Team hält trotz ausbleibender Resultate die Motivation hoch
Im LCR-Team sorgte bisher Johann Zarco mit seinem Sieg in Le Mans und mit Platz zwei in Silverstone für Jubel. Die andere Seite der Box rund um Chantra konnte sich bisher nicht über große Highlights freuen.
Wie schwierig ist es, die Motivation in der Mannschaft hochzuhalten? "Auch für mich ist es extrem schwer, mit den Resultaten zu leben, aber für mich ist es genauso wichtig, einfach gerade in so Phasen, egal wie lange die andauern, einfach das Level oben zu halten", betont Nöhles.
"Auch wenn wir hinterherfahren, arbeiten wir trotzdem in der Königsklasse.
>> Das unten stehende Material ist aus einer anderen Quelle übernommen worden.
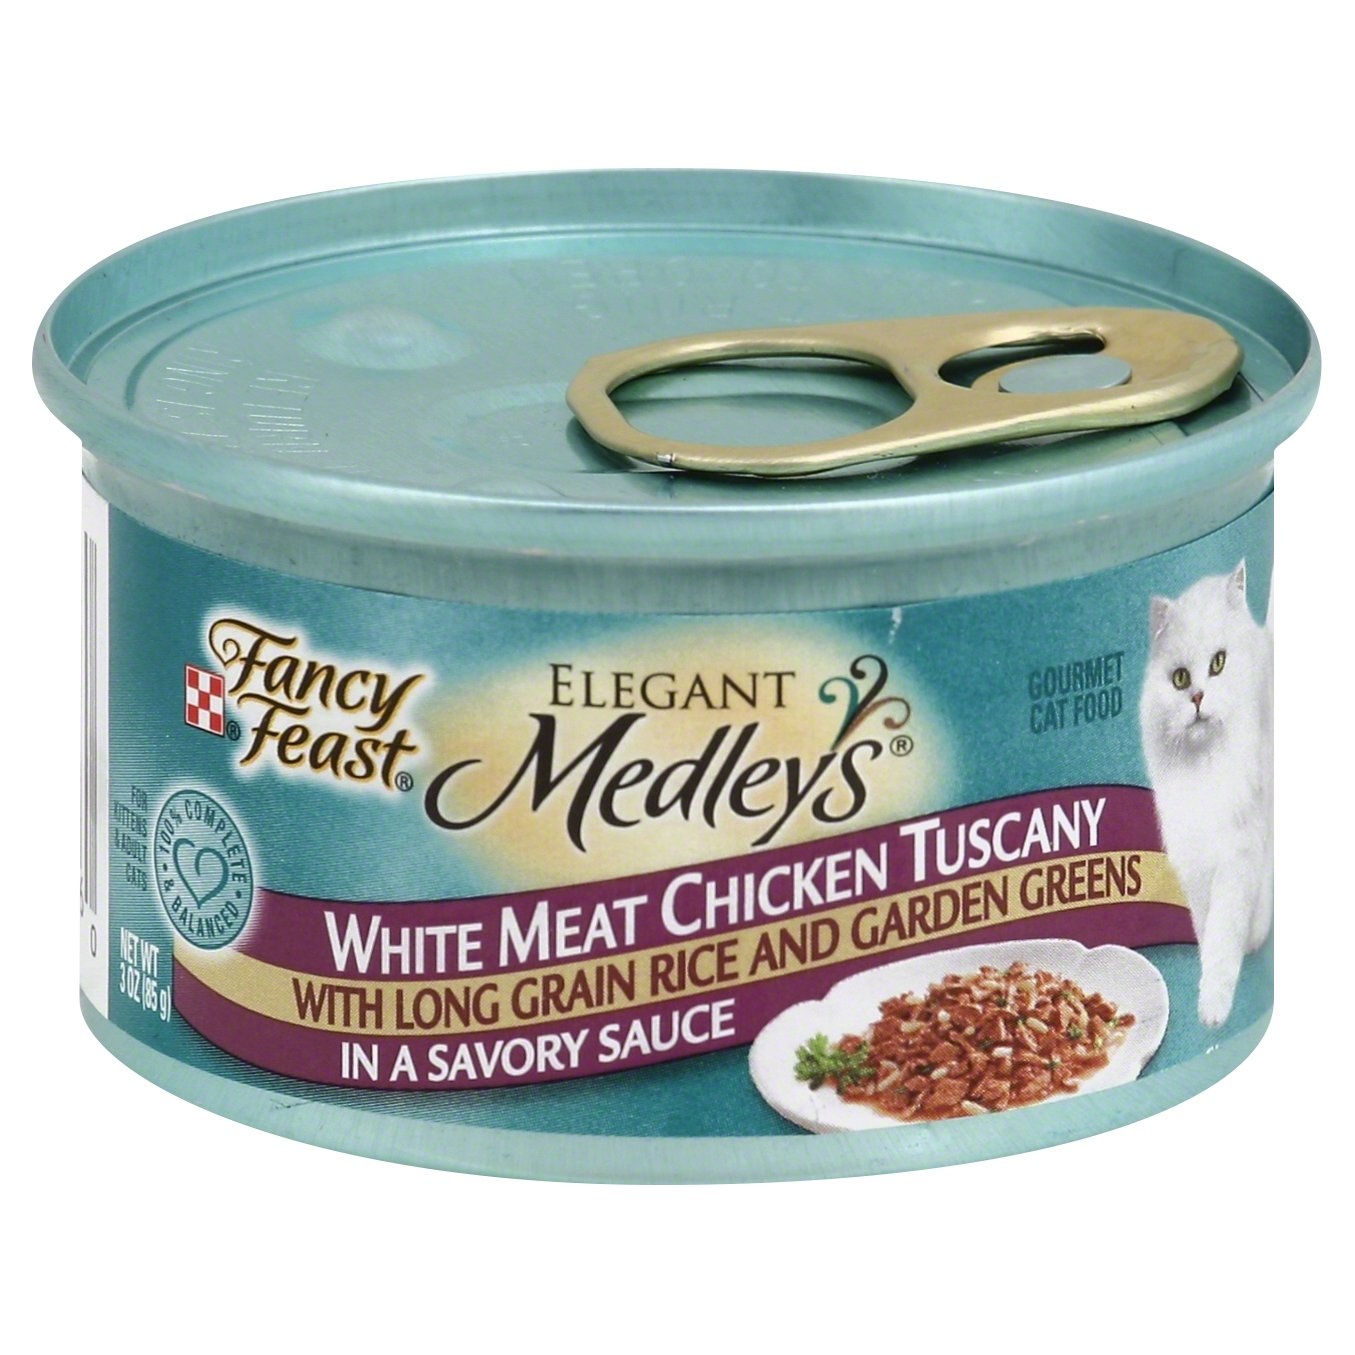 Fancy Feast Elegant Medleys Cat Food, White Meat Chicken Tuscany Shipt
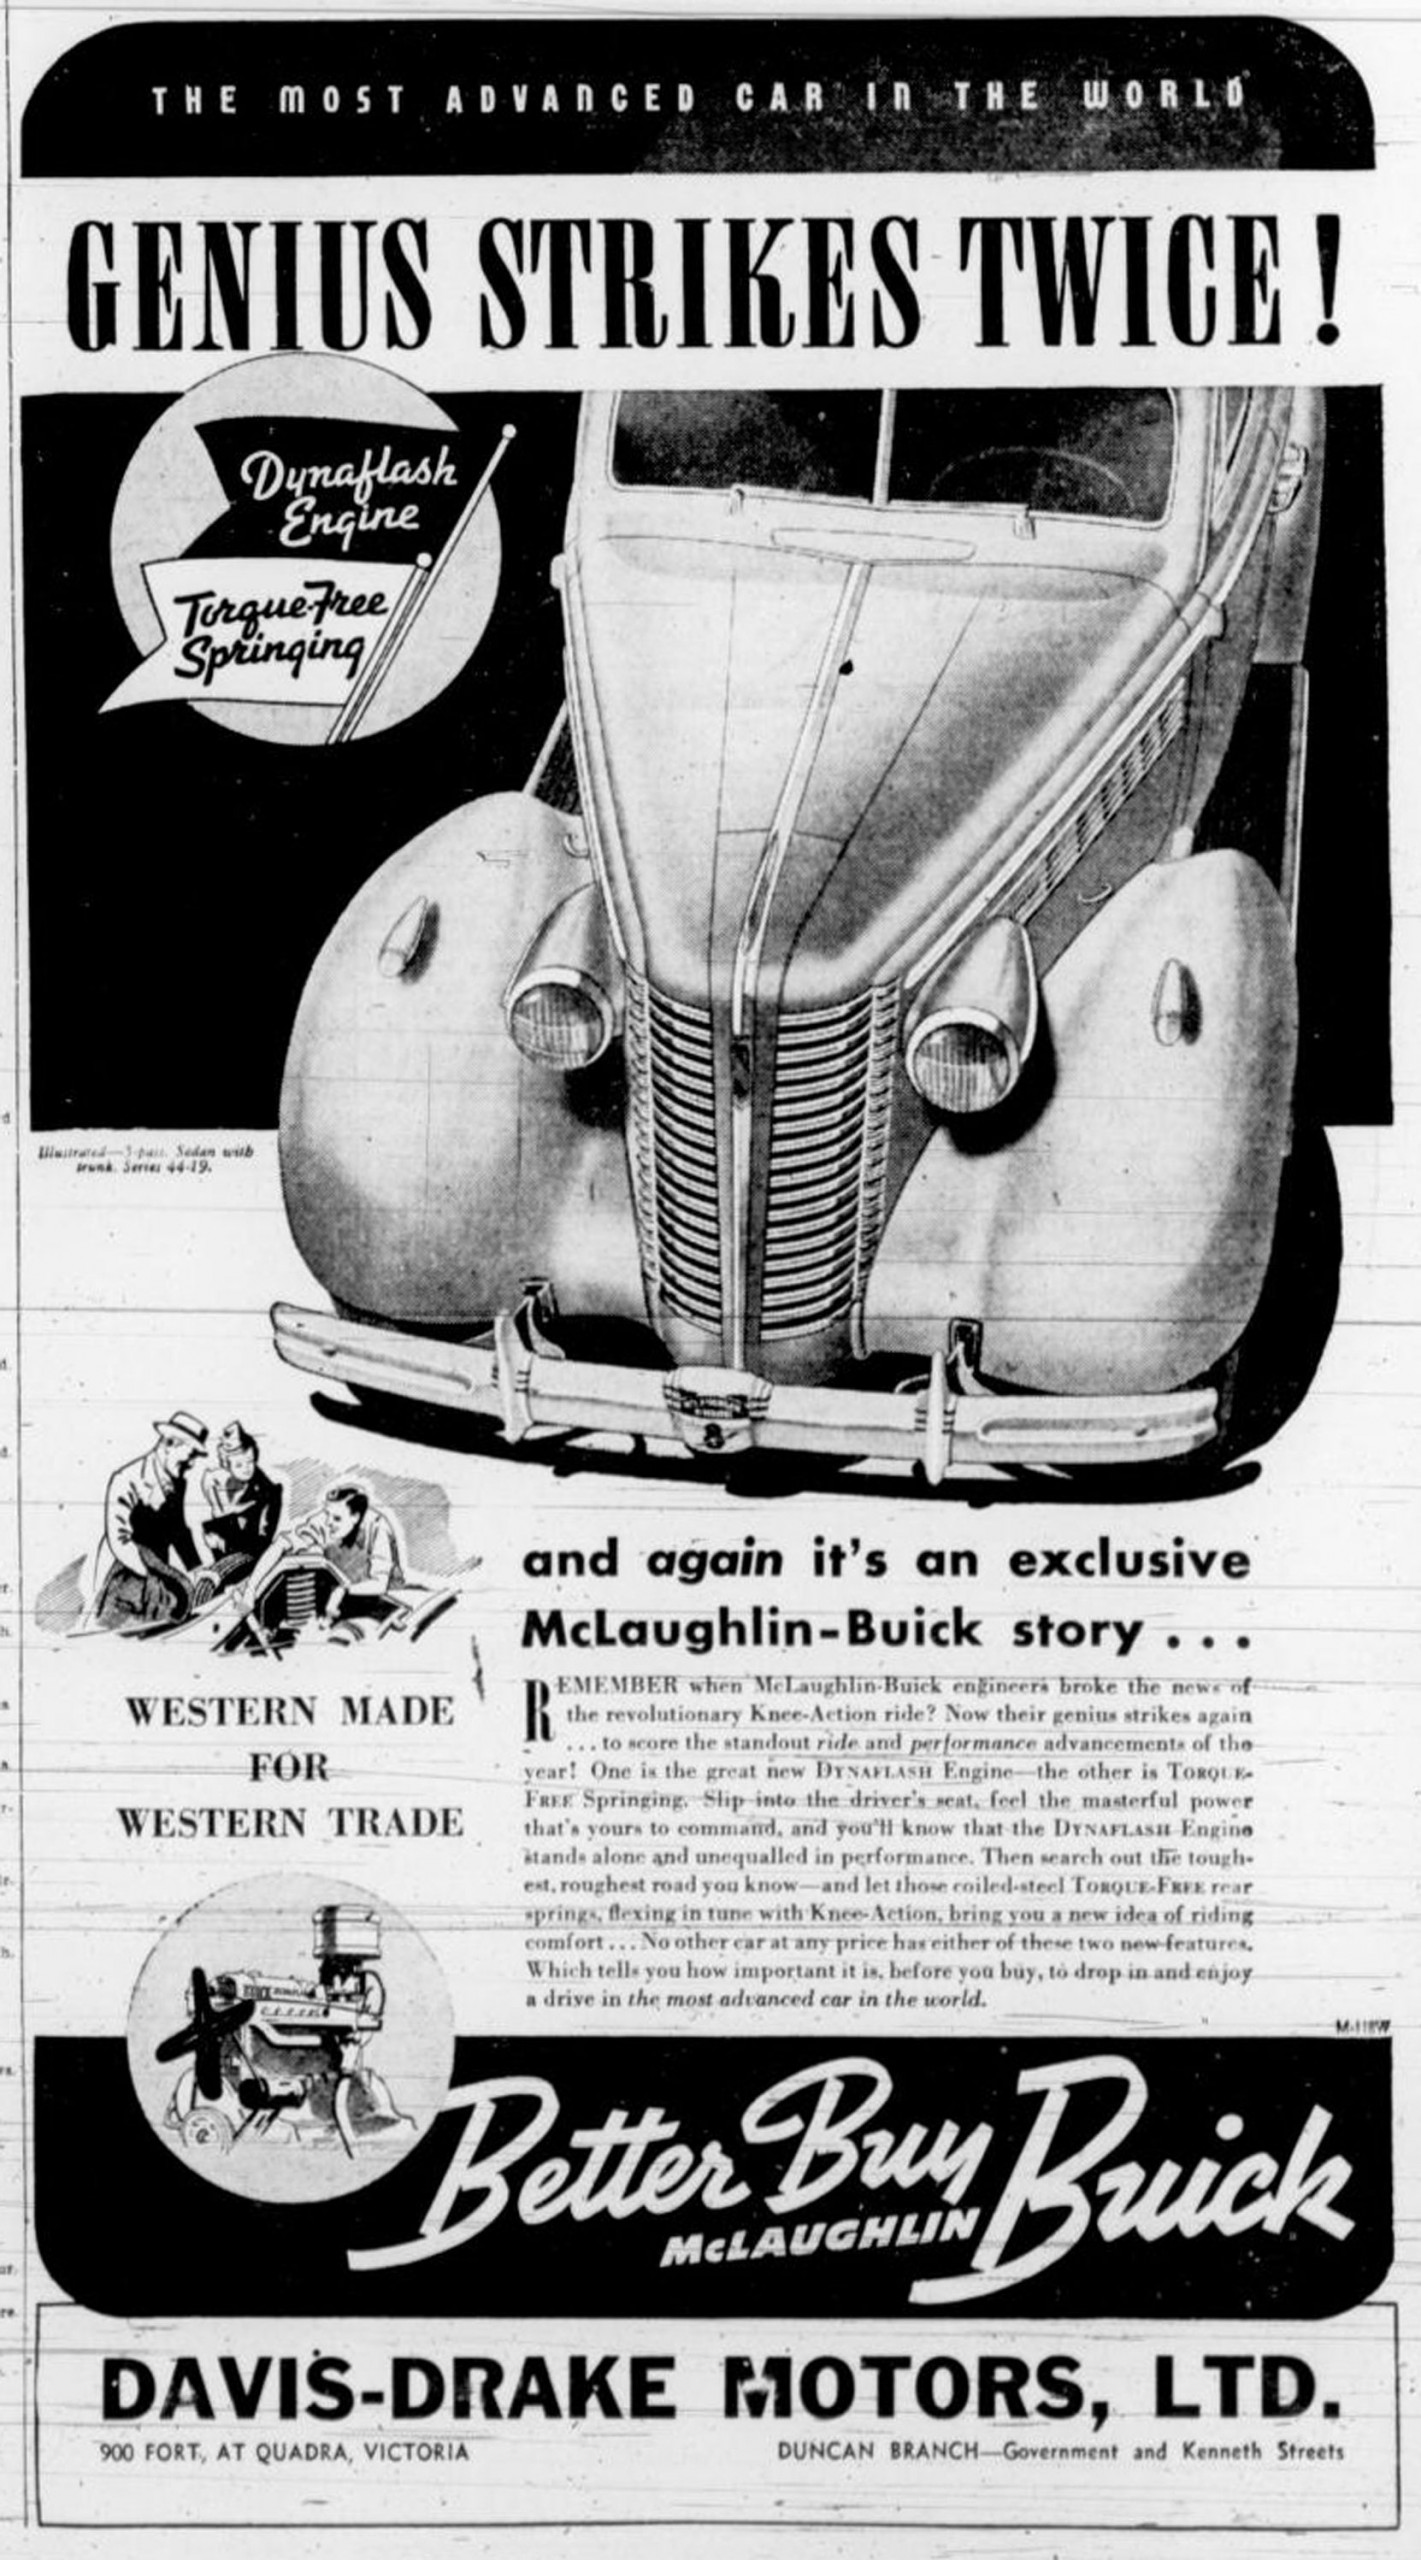 Davis-Drake Motors advertisement for McLaughlin-Buick, 1938. Davis Drake Motors was located at 900 Fort Street at Quadra Street. (Victoria Online Sightseeing collection) ,

Wir haben alle unsere Erfahrung und für mich gibt es hier einfach kein Motivationsproblem. Das darf es nicht geben. Auch wenn natürlich die Niederschläge da sind, die Hürden da sind."
"Ich versuche jedes Mal für mich und für die Mannschaft, dass wir nach Hause gehen und dass wir einfach sagen können, wir haben für uns persönlich das Beste gegeben. Dass wir in jeder Situation vorbereitet sind, wir da sind, wir keine Fehler machen."
"Und ich muss sagen, da arbeiten wir nach wie vor fehlerfrei. Das ist für mich super wichtig. Auch wissentlich natürlich, dass es für uns alle super hart ist. Wenn auch kleine Fehler passieren, diese einfach so zu behandeln, als würde es um den WM-Titel gehen. Wir sind alle Menschen, Fehler können passieren, aber dürfen kein zweites Mal passieren."
Wann Chantra zurückkehren wird, ist derzeit offen. Er wird aller Voraussicht nach auch die August-Rennen in Österreich und Ungarn pausieren. Aufgrund der Erfolglosigkeit steht bei Honda und Idemitsu das Gesamtprojekt des zweiten LCR-Motorrads auf dem Prüfstand und könnte für das nächste Jahr verändert werden.